## Directions
In the records below, repeat exactly the lines between the line holding "The sun shines" and the line holding "My mother, R.", inclusive, and drop the pictures.

## Data for processing
───
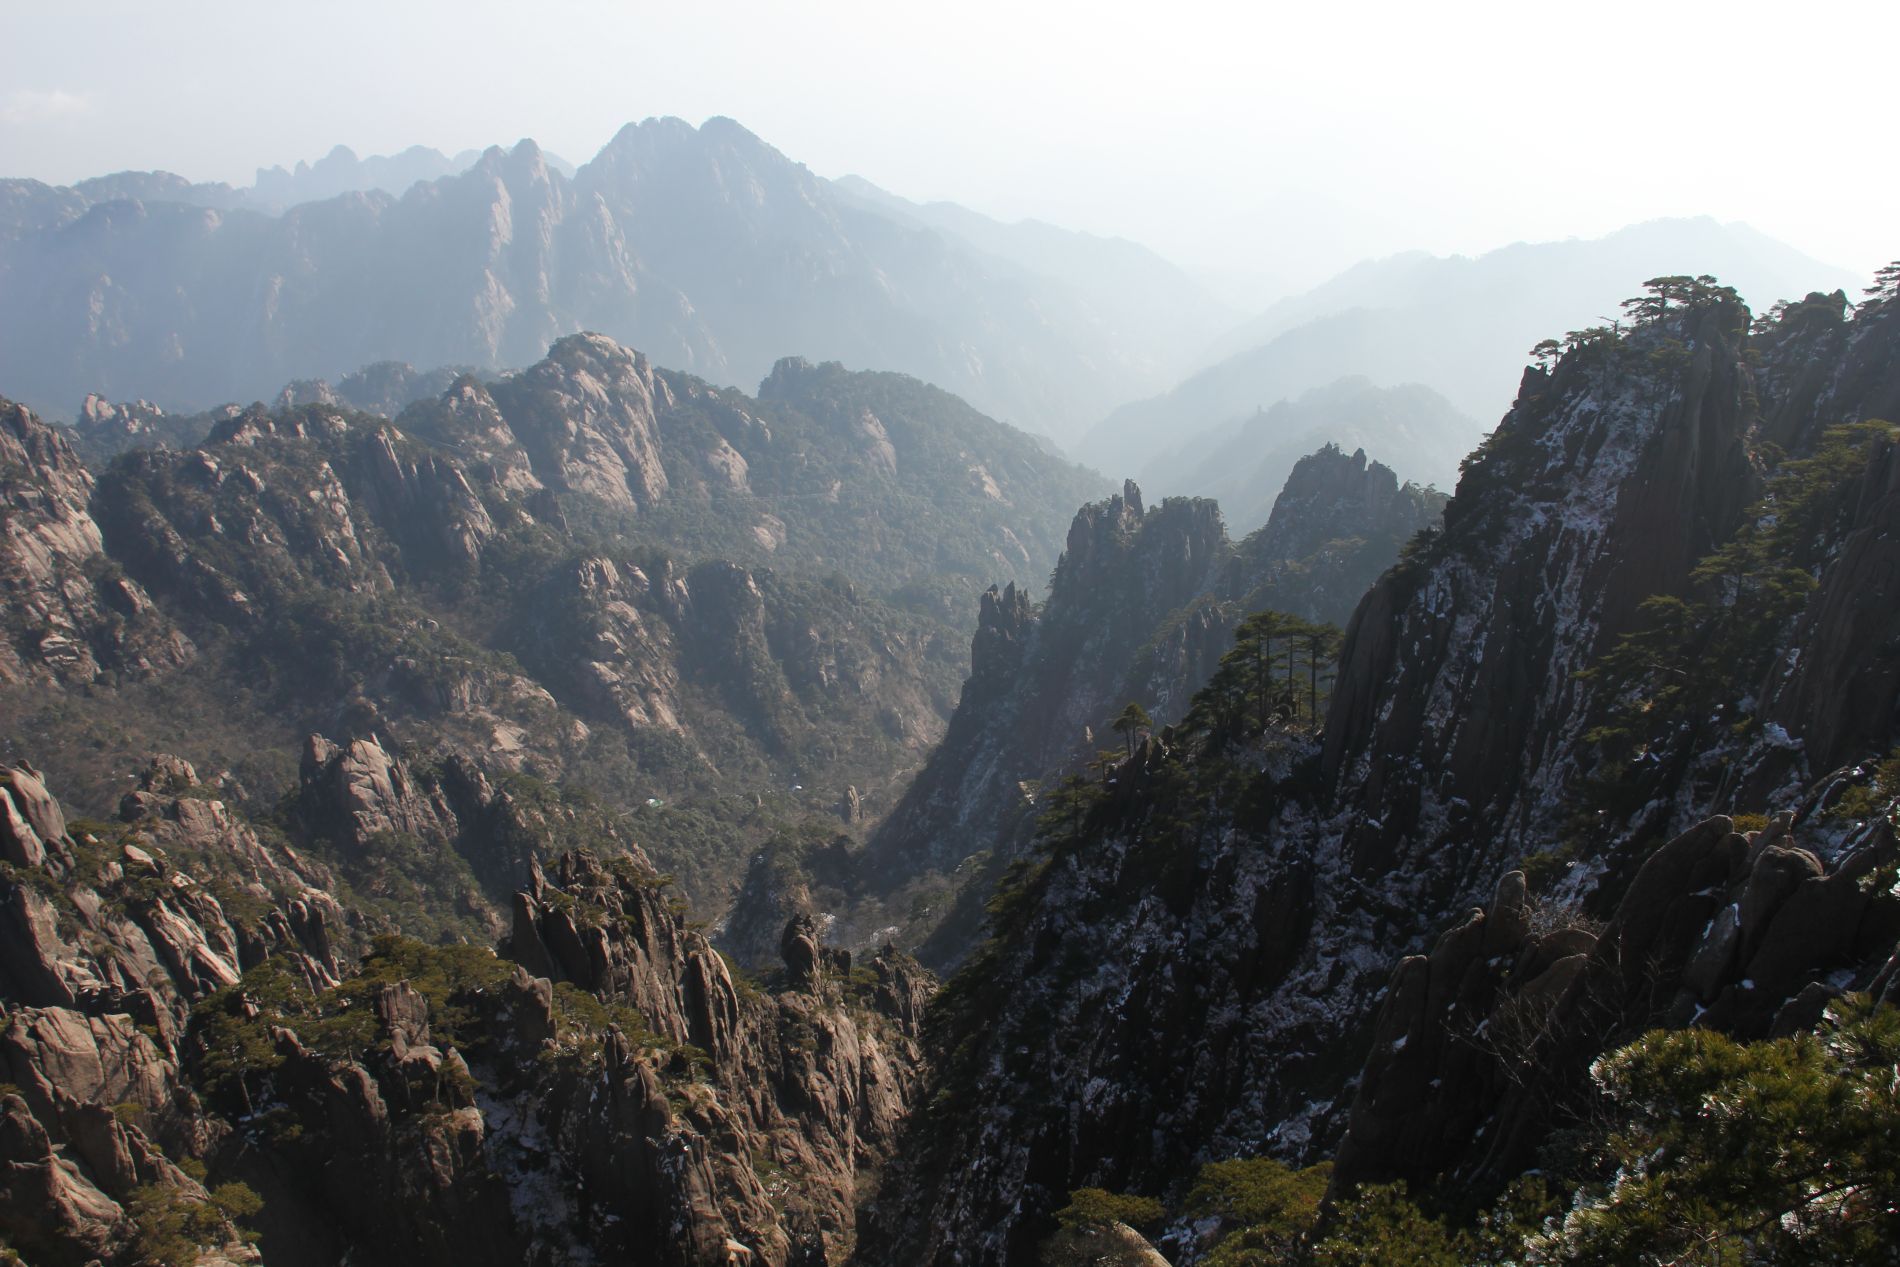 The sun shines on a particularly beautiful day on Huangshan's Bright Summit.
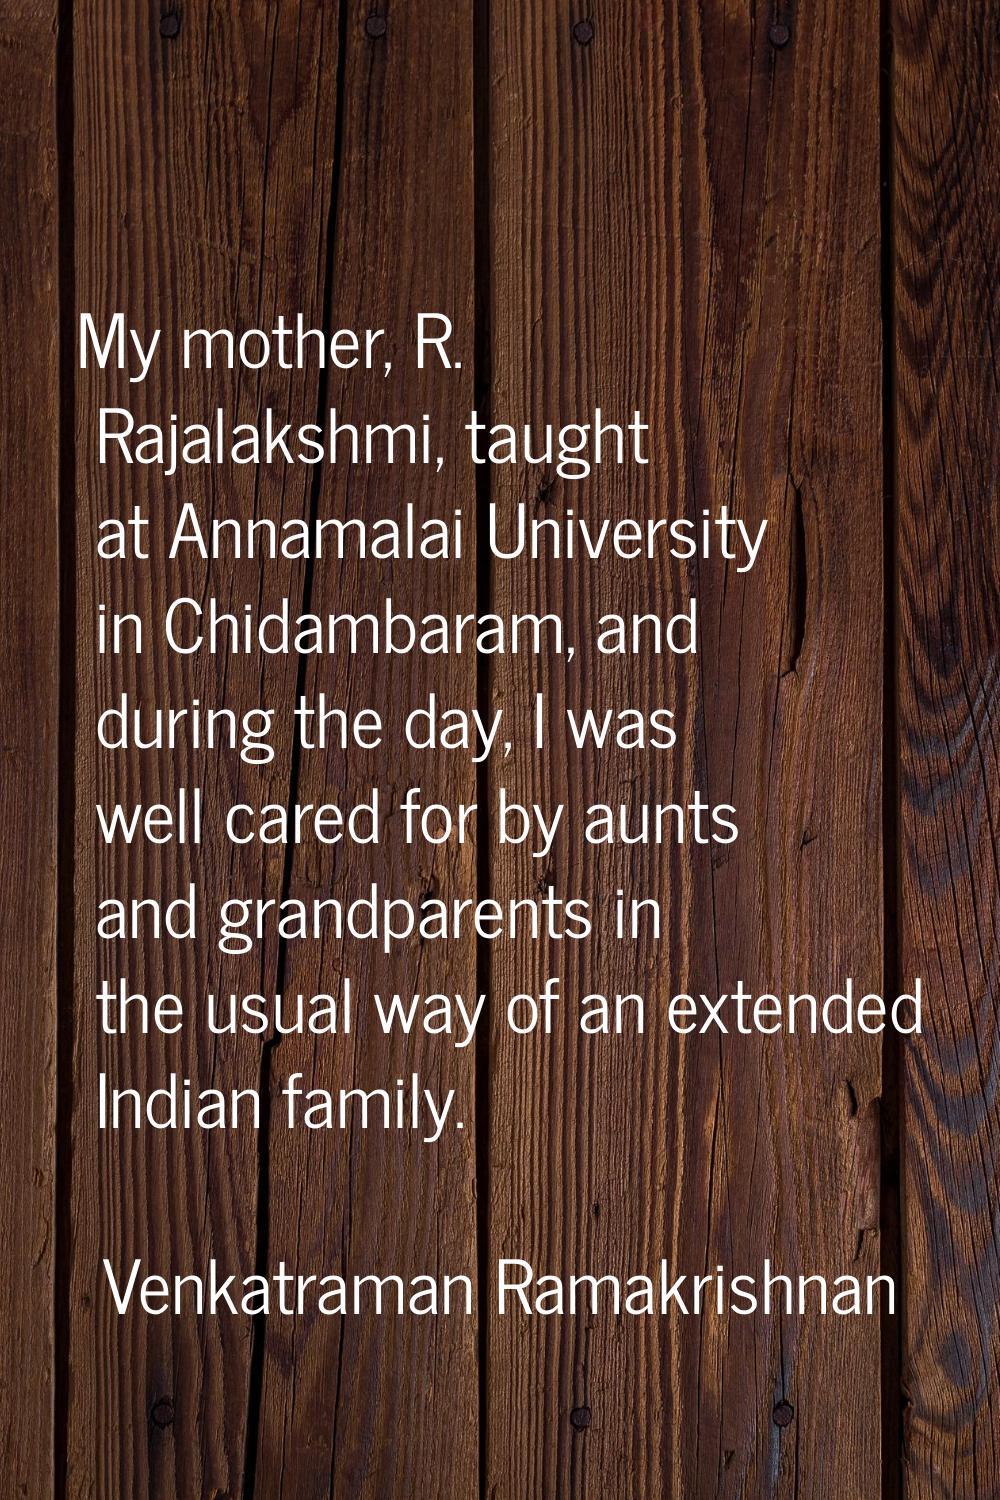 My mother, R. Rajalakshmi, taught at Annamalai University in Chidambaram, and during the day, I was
───
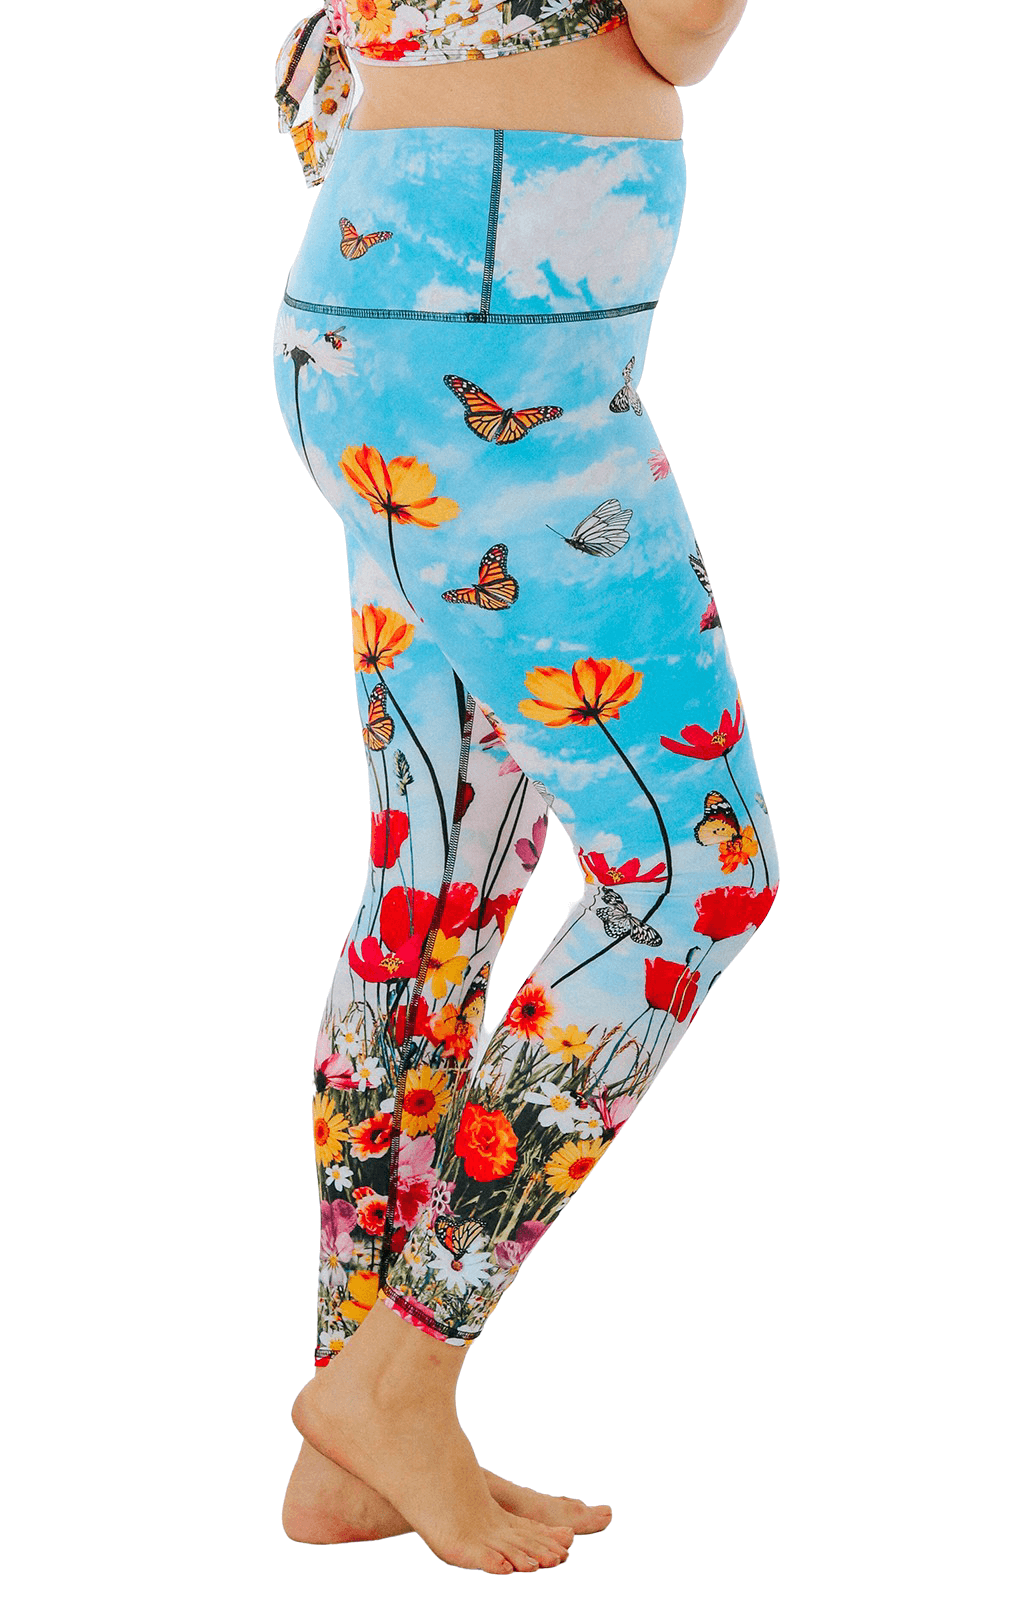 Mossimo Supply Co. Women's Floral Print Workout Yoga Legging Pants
───
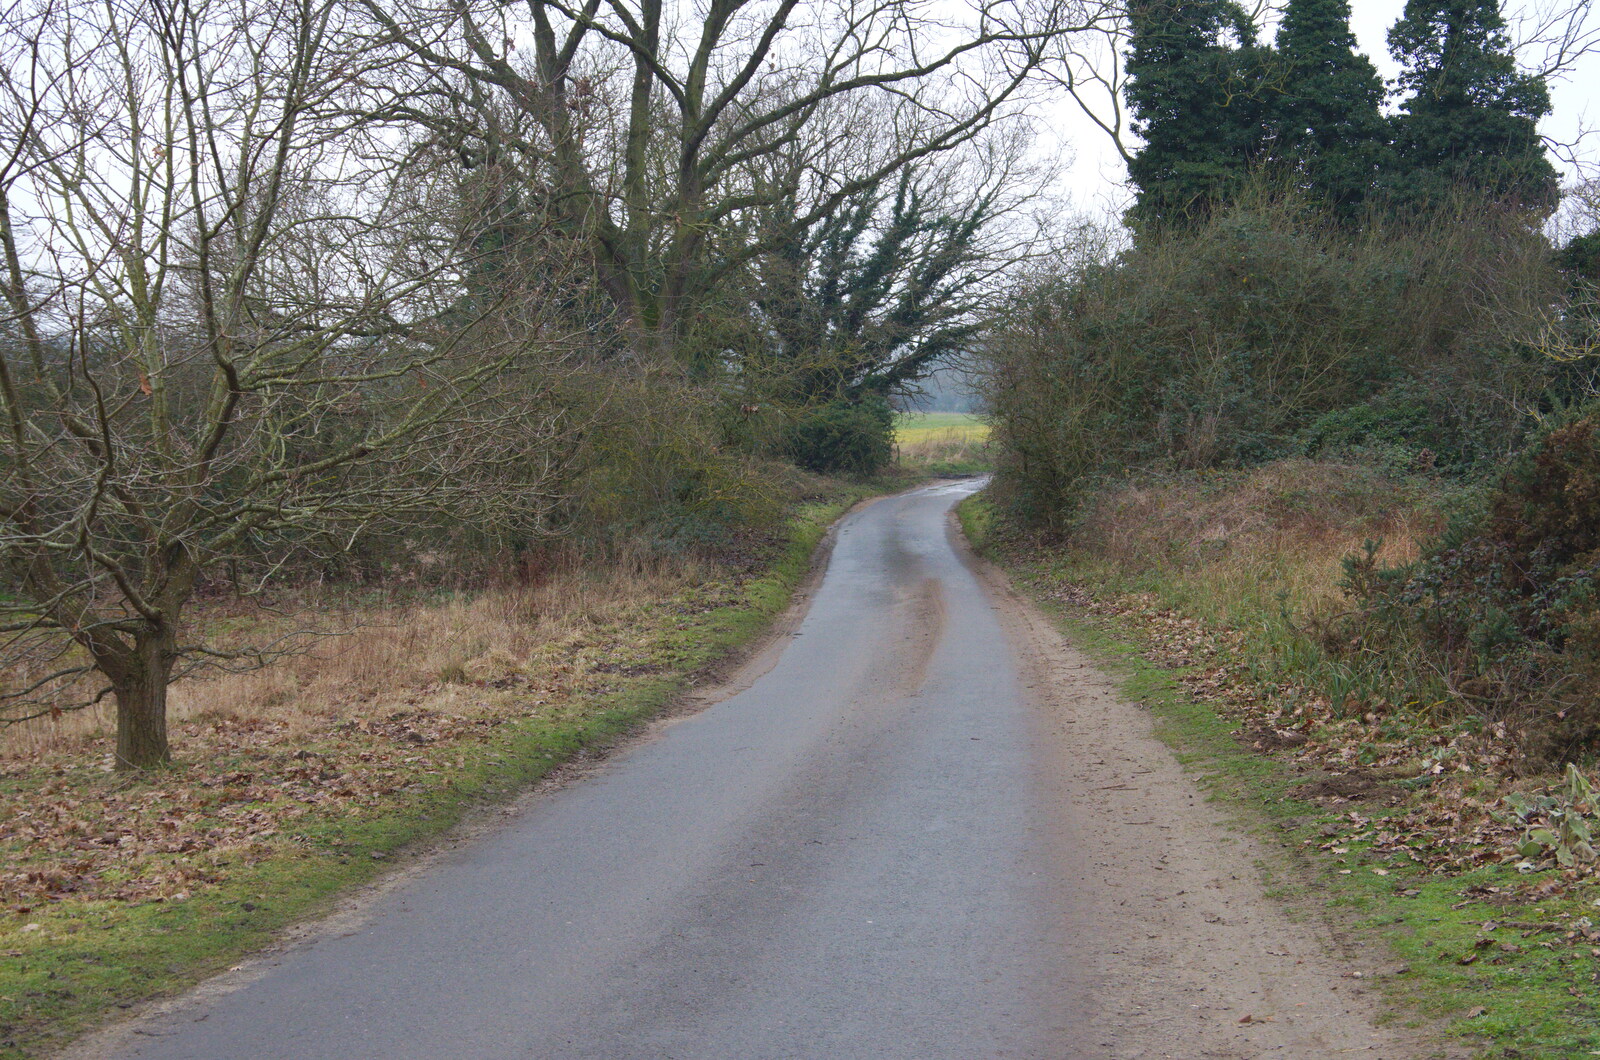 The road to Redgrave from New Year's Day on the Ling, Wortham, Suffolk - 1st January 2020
───
## Expected answer
 The sun shines on a particularly beautiful day on Huangshan's Bright Summit.
 My mother, R. Rajalakshmi, taught at Annamalai University in Chidambaram, and during the day, I was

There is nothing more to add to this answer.